Data provided -
.....

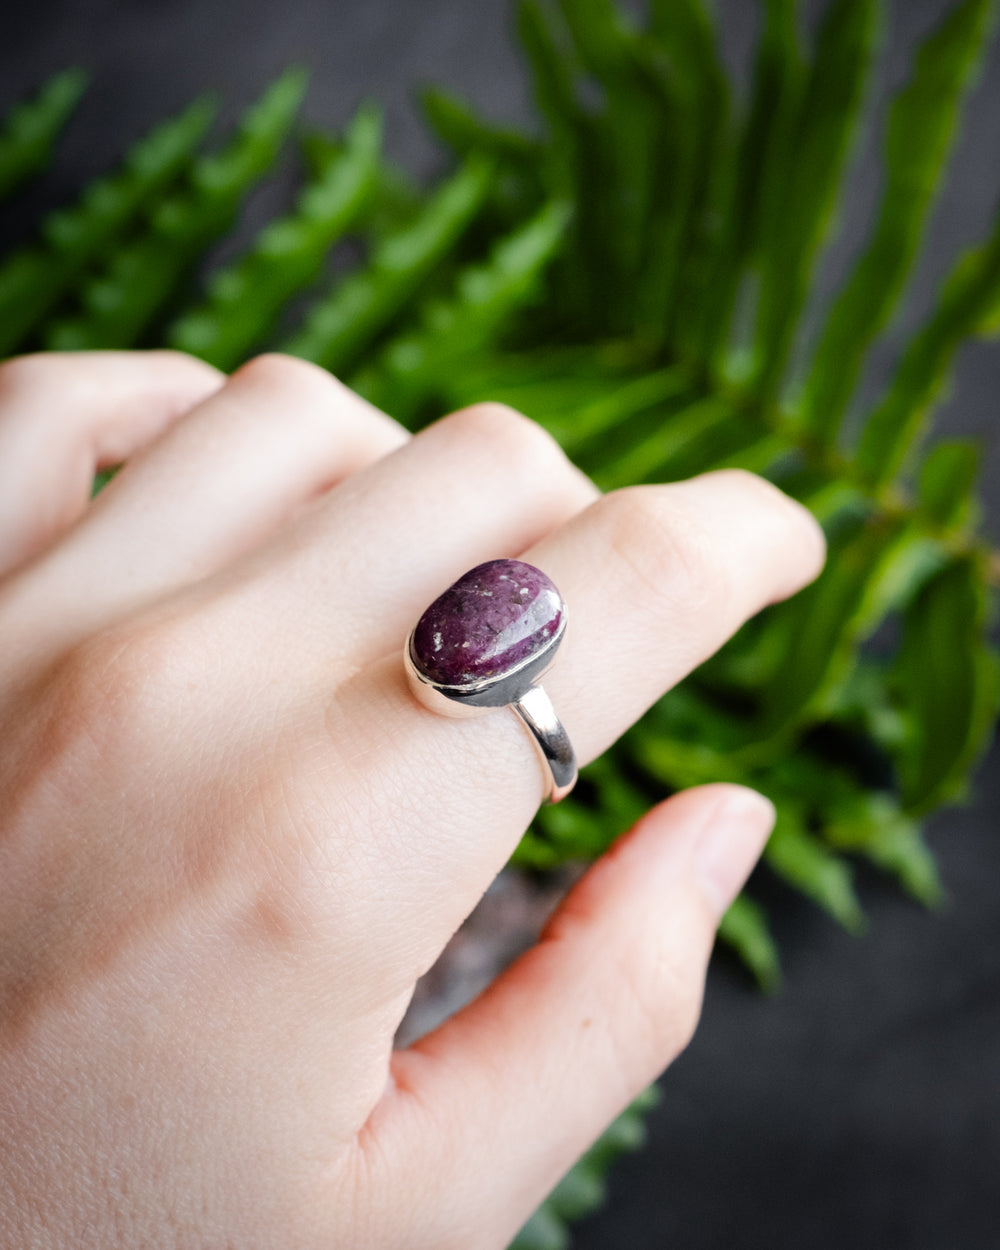 Ruby Ring in Sterling Silver - Size 7 US / O UK - The Healing Pear
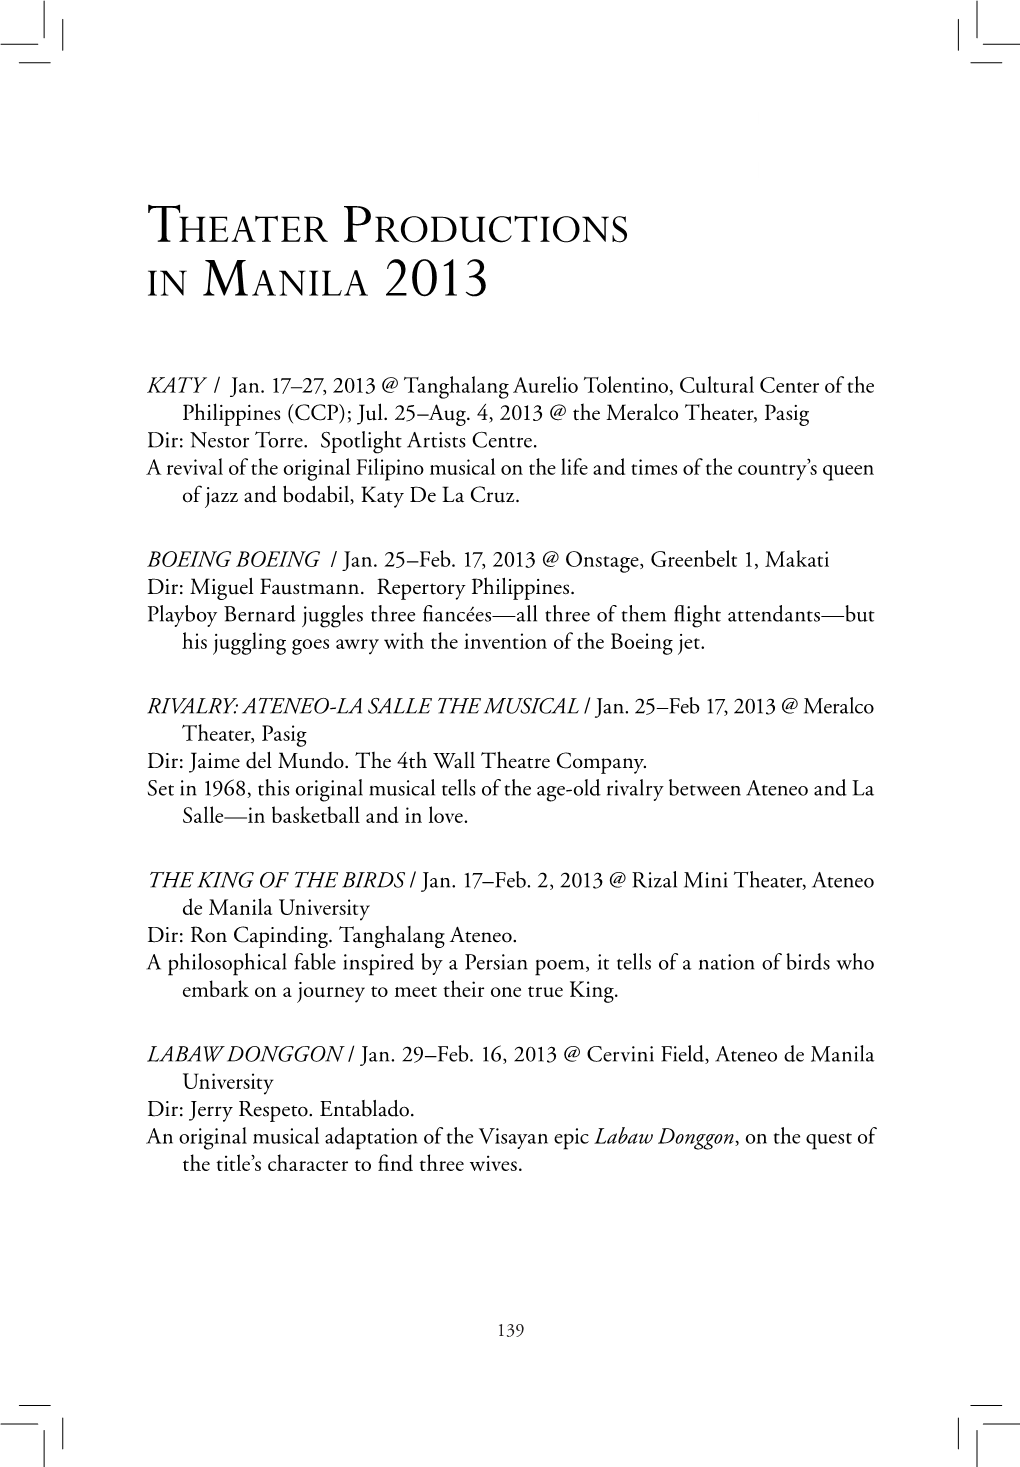 Theater Productions in Manila 2013
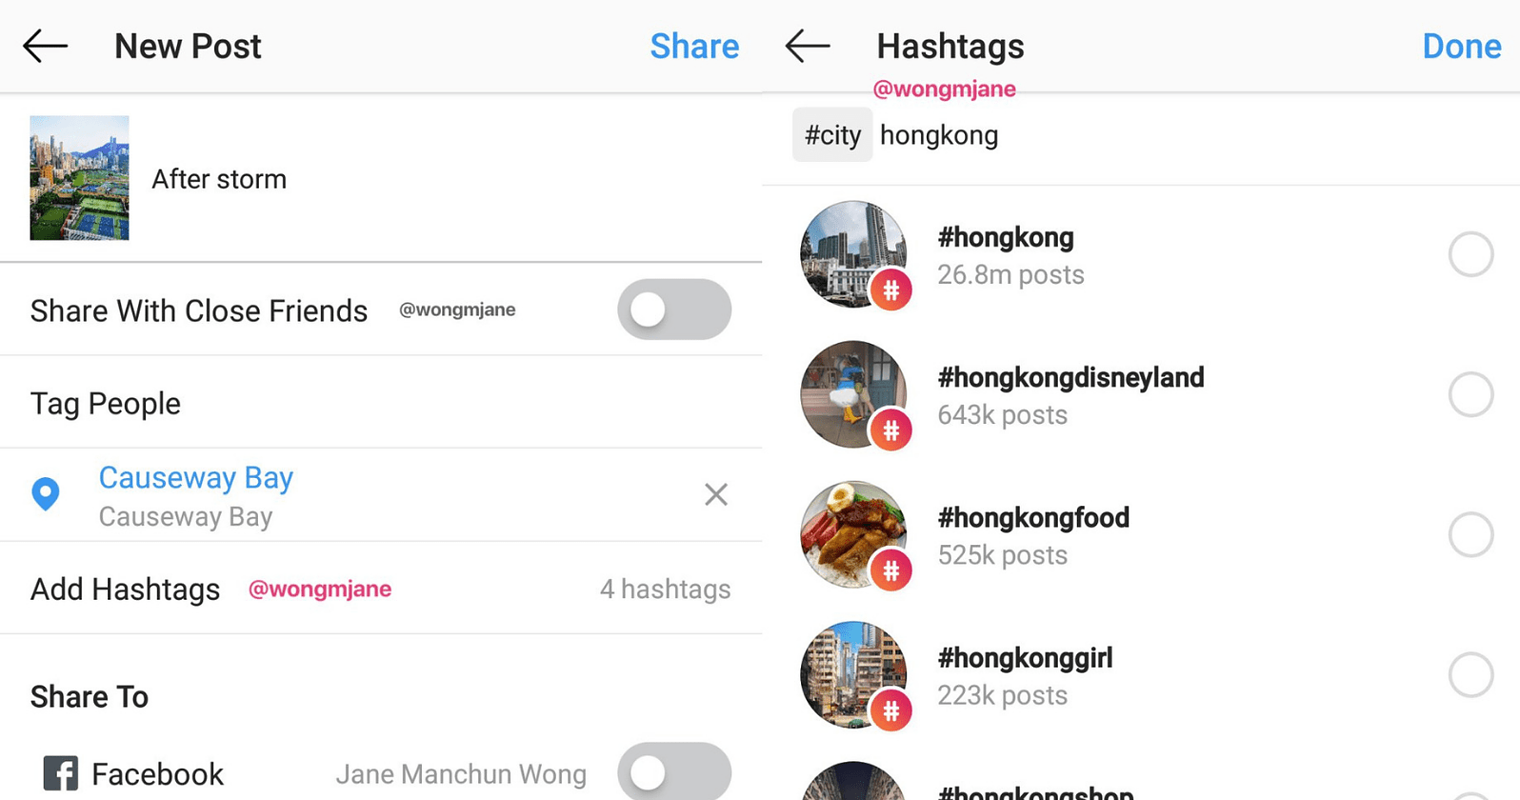 Instagram is Testing a Way to Add Hashtags to Posts Without Putting Them in Captions
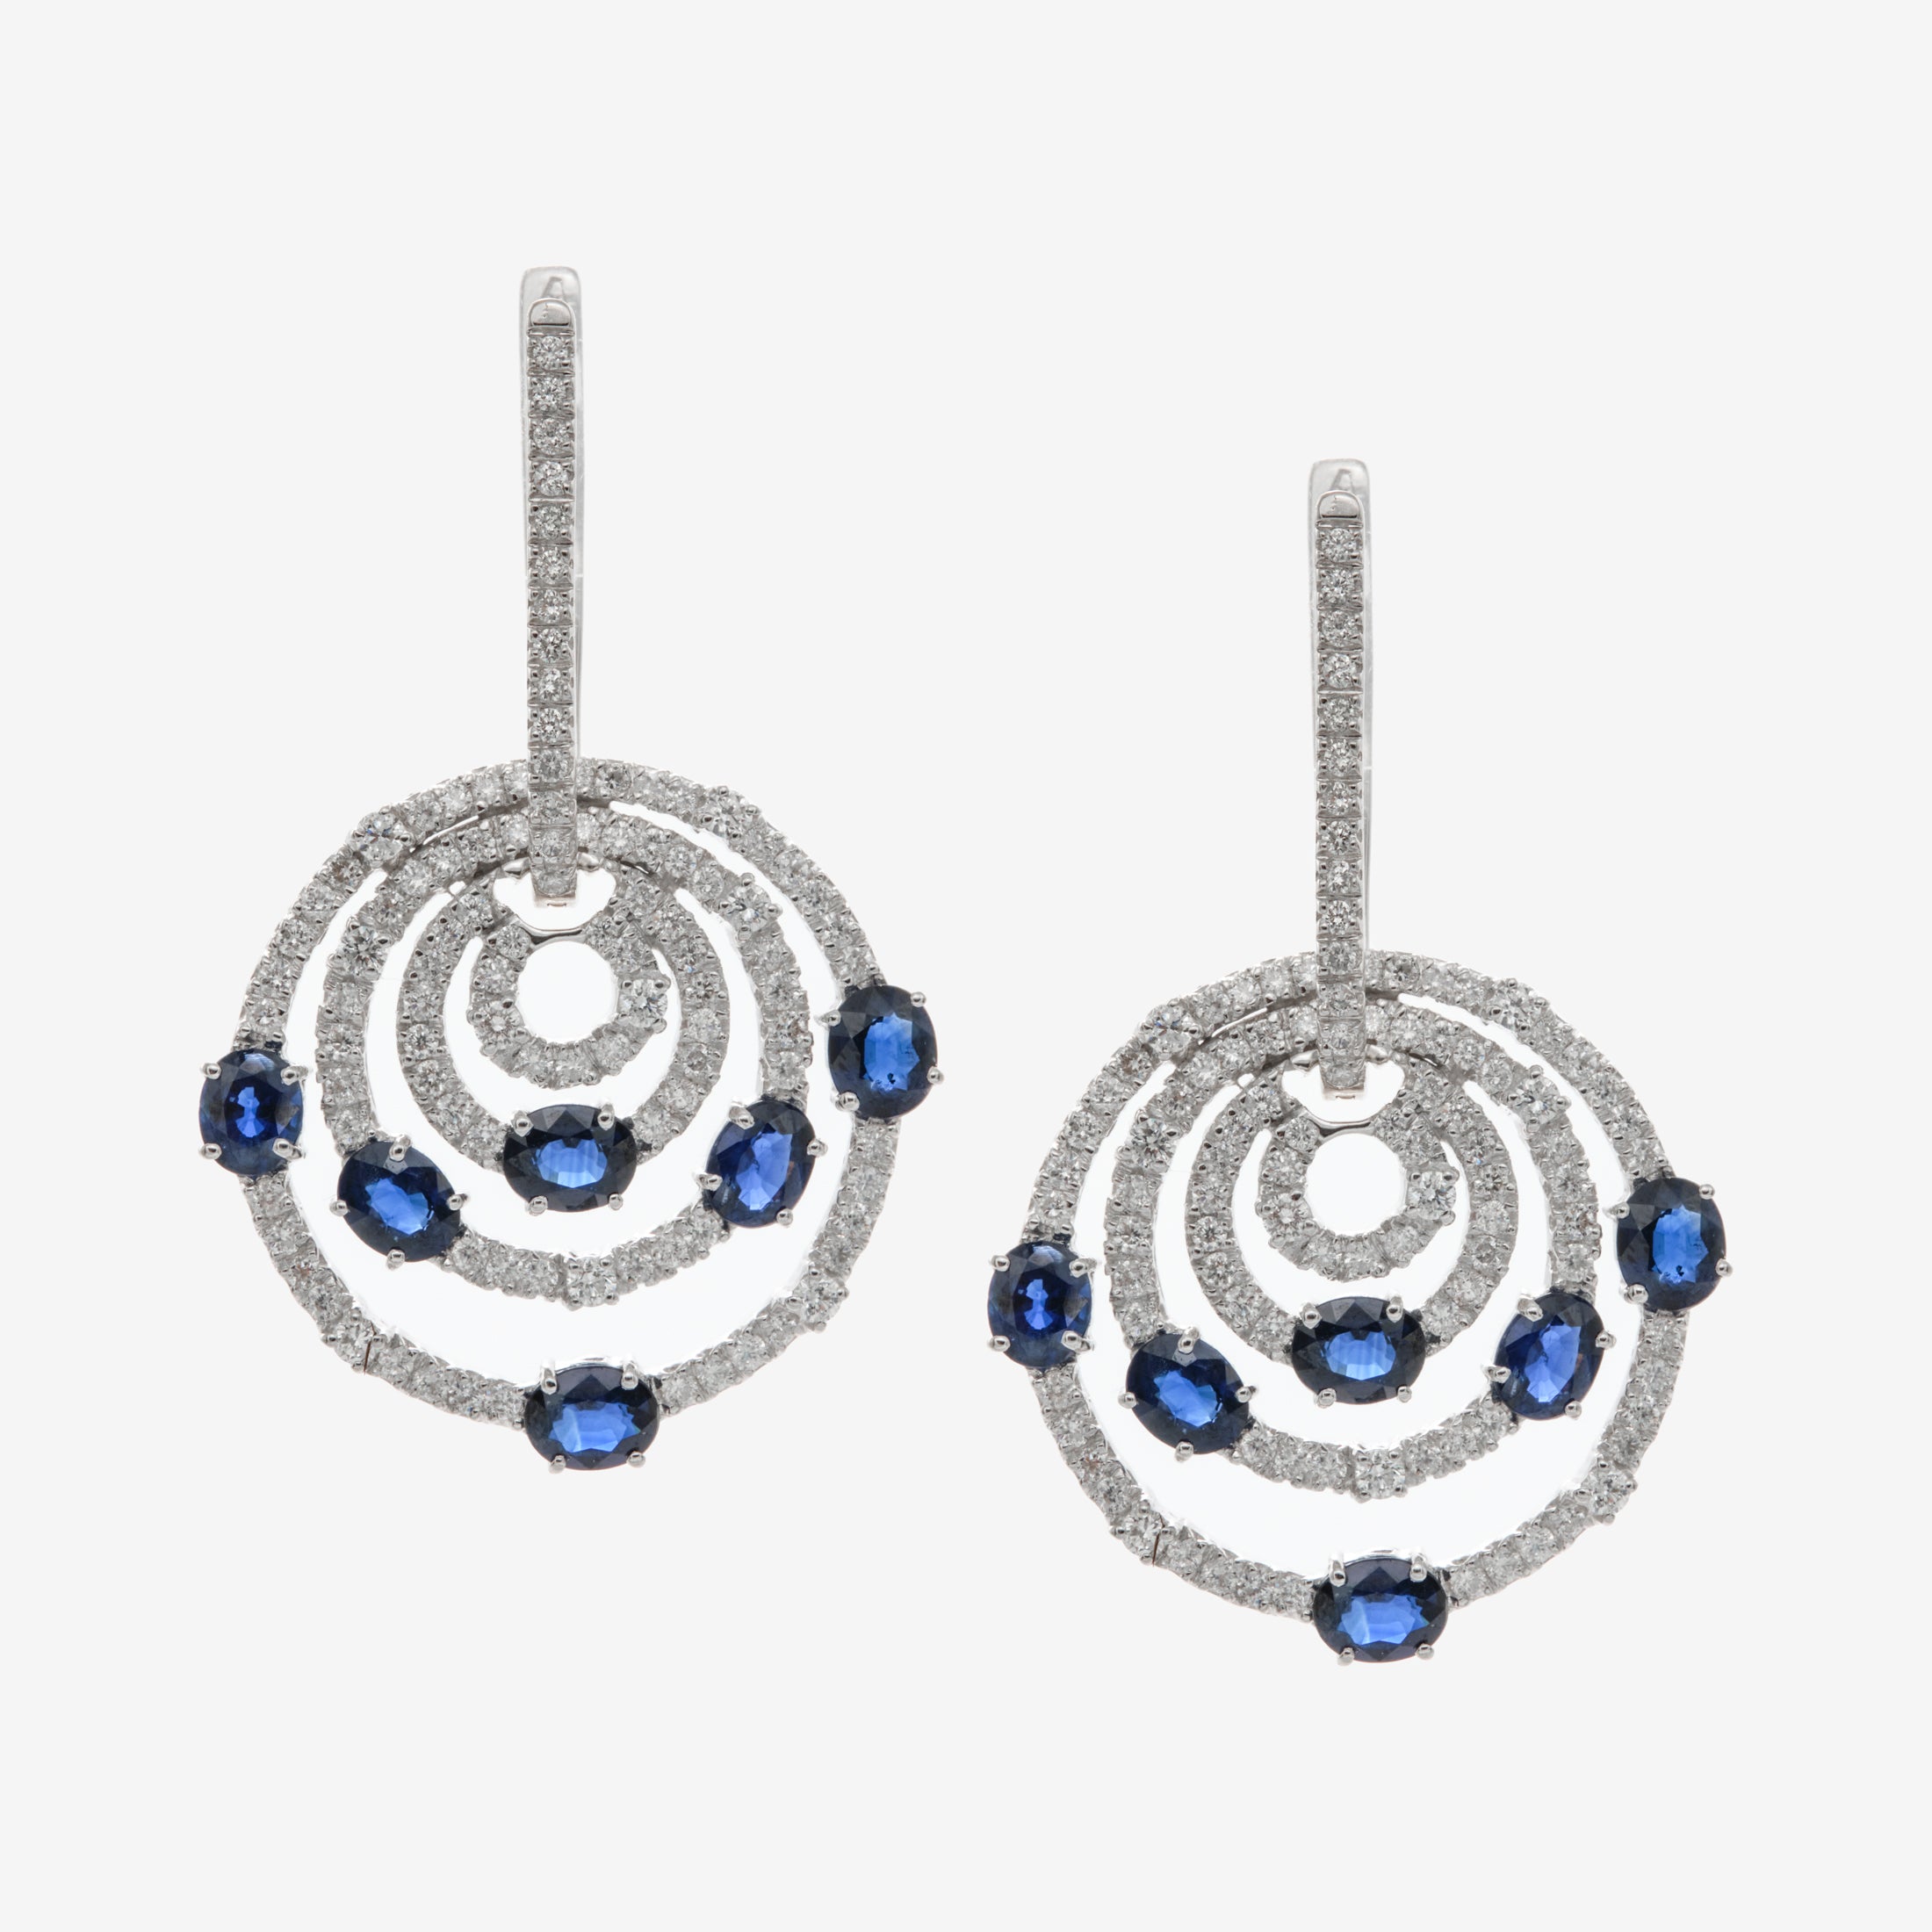 Fiorela earrings with sapphires and diamonds

.....

What you need to do - Leaving every picture aside, repeat the listing exactly.

Result of the exercise -
 Ruby Ring in Sterling Silver - Size 7 US / O UK - The Healing Pear
 Theater Productions in Manila 2013
 Instagram is Testing a Way to Add Hashtags to Posts Without Putting Them in Captions
 Fiorela earrings with sapphires and diamonds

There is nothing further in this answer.